2) Checking data distribution

In [None]:
data.describe()

In [None]:
data.shape
#data size is small
data.columns

In [None]:

%matplotlib inline

features=['RI', 'Na', 'Mg', 'Al', 'Si', 'K', 'Ca', 'Ba', 'Fe']

for col in features:
    data.boxplot(column=col, by= 'Type',figsize=(6,6))
    plt.title(col)
plt.show()

# Preparing the model (Basic)

In [None]:
label= 'Type'
X , y = data[features].values , data[label].values

In [None]:
from sklearn.model_selection import train_test_split

xtrain, xtest , ytrain , ytest = train_test_split(X , y , test_size = 0.3, random_state = 0, stratify = y)

In [None]:
from sklearn.linear_model import LogisticRegression
 
reg=0.01

lr=LogisticRegression(C = 1/reg ,solver='saga', multi_class= 'auto', max_iter= 800).fit(xtrain, ytrain)
ypred= lr.predict(xtest)

In [None]:
print('Predicted labels: ', ypred[:15])
print('Actual labels   : ' ,ytest[:15])

In [None]:
from sklearn.metrics import classification_report

print(classification_report(ytest, ypred))

In [None]:
from sklearn.metrics import accuracy_score, precision_score, recall_score

print("Overall Accuracy:",accuracy_score(ytest, ypred))
print("Overall Precision:",precision_score(ytest, ypred, average='macro'))
print("Overall Recall:",recall_score(ytest, ypred, average='macro'))

In [None]:
from sklearn.metrics import confusion_matrix

# Print the confusion matrix
mcm = confusion_matrix(ytest,ypred)

print(mcm)


In [None]:
data['Type'].unique()

Changing to other model: Using multiple models to compare and see which one works fine
AND PREPROCESSING IT TO SCALE VALUES

In [None]:
from sklearn.preprocessing import StandardScaler
from sklearn.compose import ColumnTransformer
from sklearn.pipeline import Pipeline
from sklearn.svm import SVC
from sklearn.ensemble import RandomForestClassifier
from sklearn.neighbors import KNeighborsClassifier
from sklearn.tree import DecisionTreeClassifier
from sklearn.ensemble import GradientBoostingClassifier

classifiers=[]

svm = SVC(probability=True)
classifiers.append(svm)

rf = RandomForestClassifier(n_estimators=100)
classifiers.append(rf)

knn = KNeighborsClassifier(n_neighbors=5)
classifiers.append(knn)

dt = DecisionTreeClassifier(max_features='auto')
classifiers.append(dt)

gbc = GradientBoostingClassifier(max_features= 'auto')
classifiers.append(gbc
                  )
feat_cols = [1,2,3,4,5,6,7,8]
feature_transformer = Pipeline( steps = [('scaler', StandardScaler())])

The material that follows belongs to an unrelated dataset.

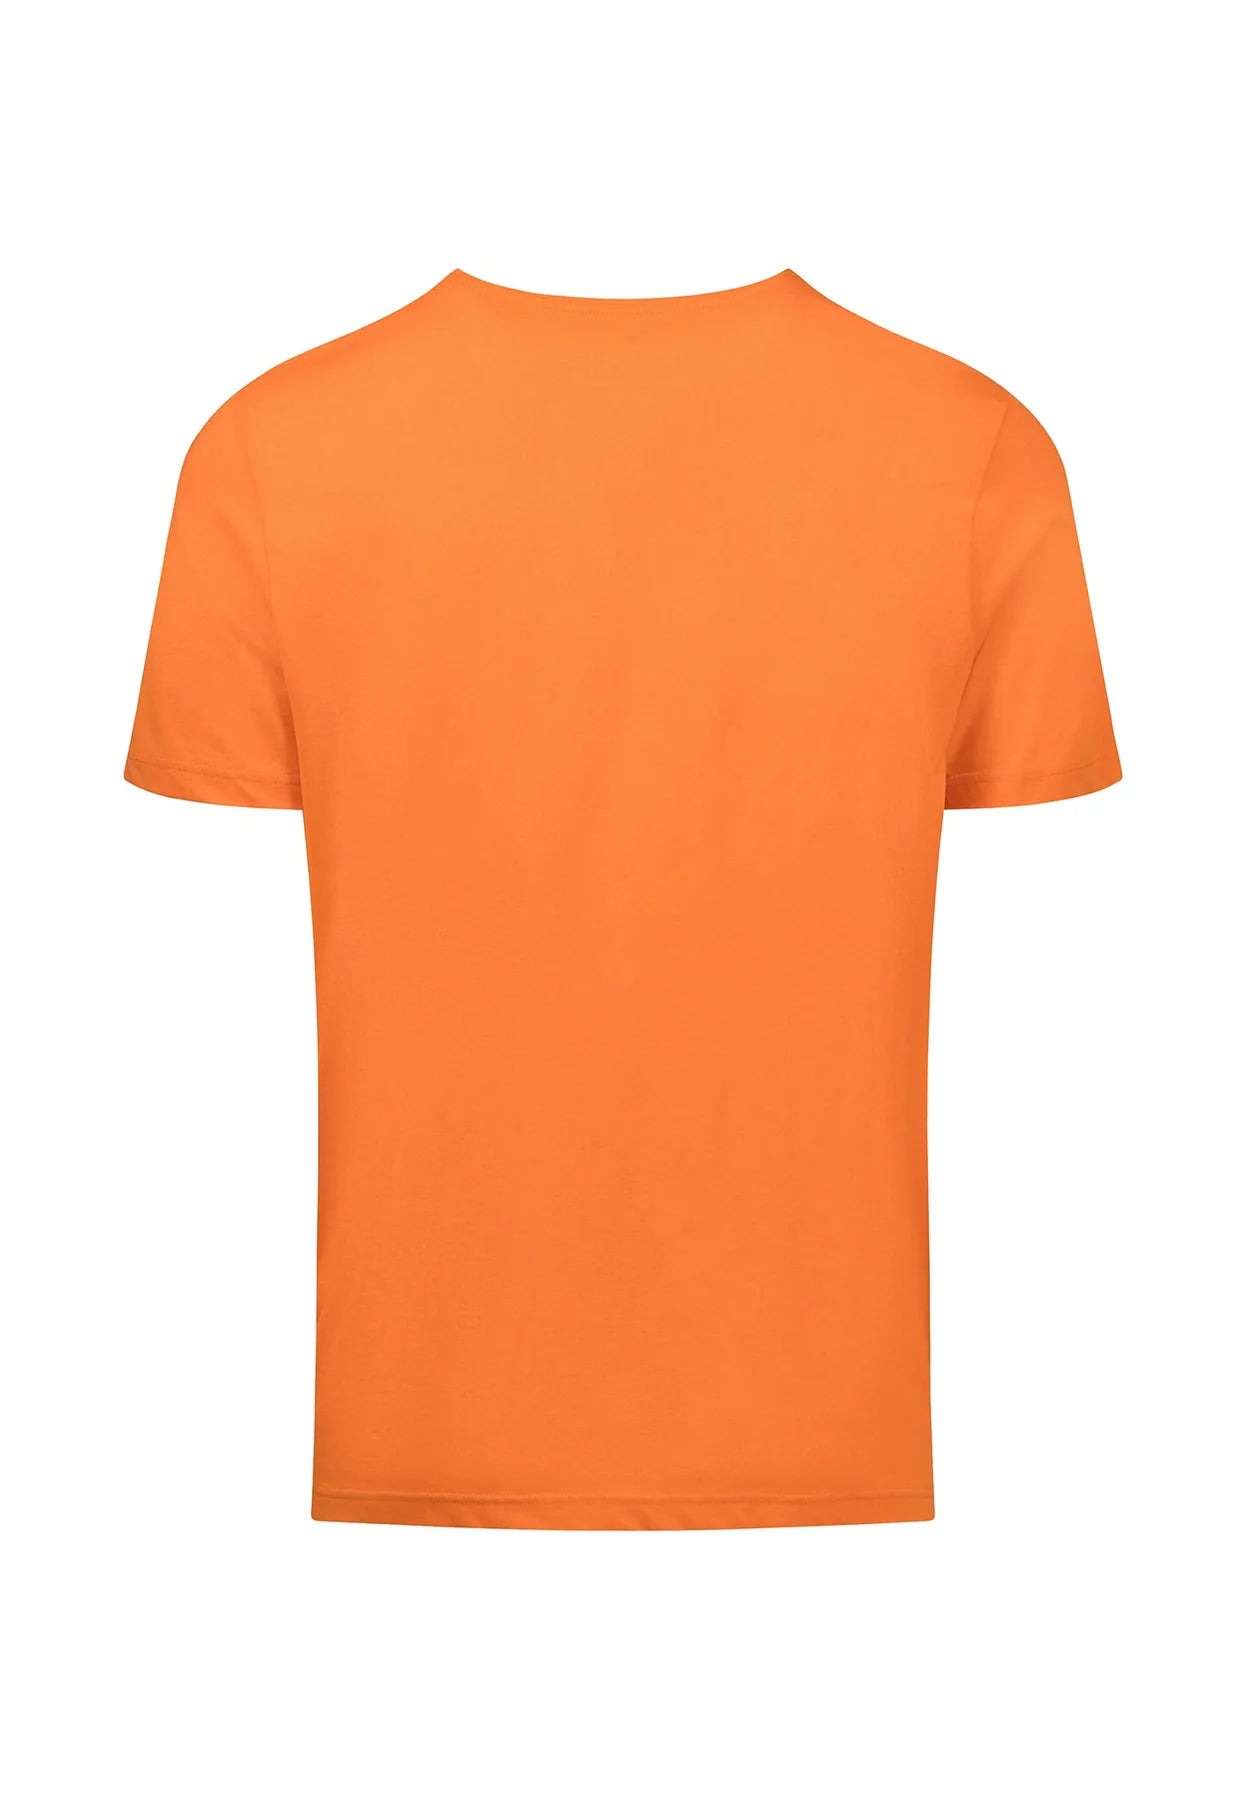 Fynch Hatton Cotton Jersey T-Shirt- Tangerine

preprocessor = ColumnTransformer(transformers= [('preprocess', feature_transformer, feat_cols)])

for clf in classifiers:
    pipeline= Pipeline(steps=[ ('preprocessor', preprocessor), ('clf', clf) ])
    model=pipeline.fit(xtrain, ytrain)
    ympred= model.predict(xtest)
    print(clf)
    print("Overall Accuracy:",accuracy_score(ytest, ympred))
    print("Overall Precision:",precision_score(ytest, ympred, average='macro'))
    print("Overall Recall:",recall_score(ytest, ympred, average='macro'))
    print("\n")


The highest accuracy & precision has been achieved is by RANDOMFORESTCLASSIFIER
Lets analyze the RandomForest model's results

The confusion matrix shows the intersection of predicted and actual label values for each class - in simple terms, the diagonal intersections from top-left to bottom-right indicate the number of correct predictions.

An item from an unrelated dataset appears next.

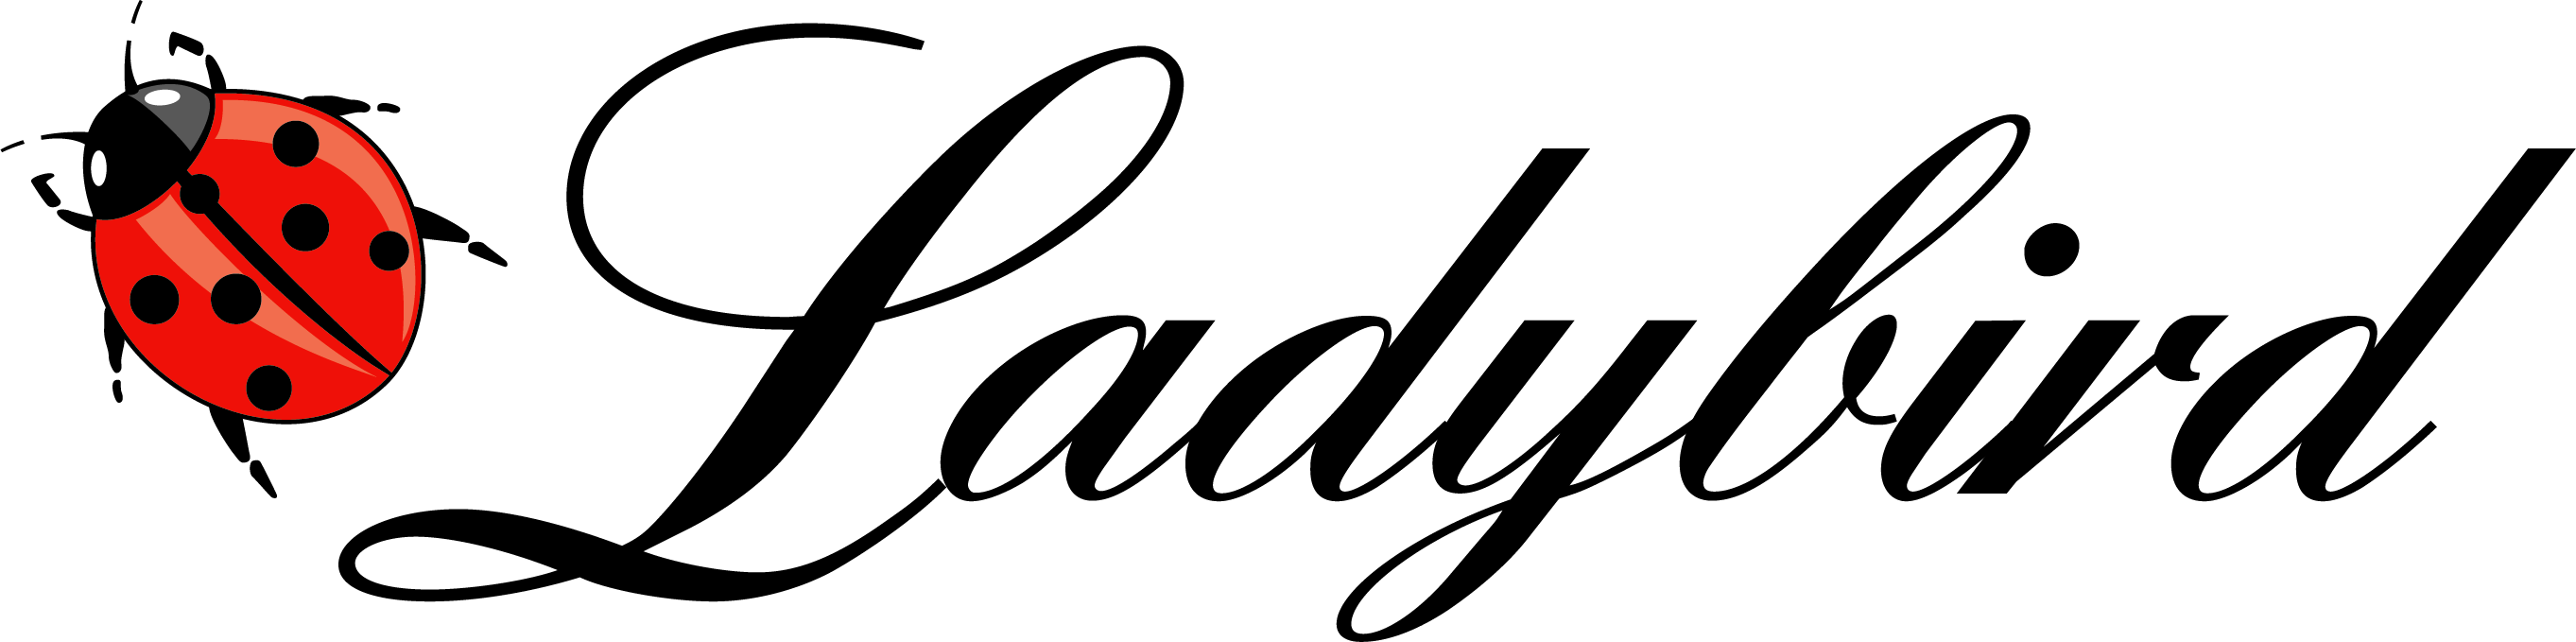 Damen   LADYBIRD logo

When dealing with multiple classes, it's generally more intuitive to visualize this as a heat map


In [None]:
pipeline= Pipeline(steps=[ ('preprocessor', preprocessor), ('classifier', RandomForestClassifier(n_estimators=100)) ])
model=pipeline.fit(xtrain, ytrain)
rf_pred= model.predict(xtest)


In [None]:
from sklearn.metrics import confusion_matrix

# Print the confusion matrix
mcm = confusion_matrix(ytest, rf_pred)
print(mcm)

types=['build_windows','buildingwindowsnonfloatprocessed','vehiclewindowsfloatprocessed'
,'vehiclewindows'
,'containers'
,'tableware'
,'headlamps']

In [None]:
import numpy as np
import matplotlib.pyplot as plt
%matplotlib inline

plt.imshow(mcm, interpolation="nearest", cmap=plt.cm.Blues)
plt.colorbar()
tick_marks = np.arange(len(types))
plt.xticks(tick_marks, types, rotation=45)
plt.yticks(tick_marks, types)
plt.xlabel("Predicted Type")
plt.ylabel("Actual Type")
plt.show()

The darker squares in the confusion matrix plot indicate high numbers of cases, and you can hopefully see a diagonal line of darker squares indicating cases where the predicted and actual label are the same.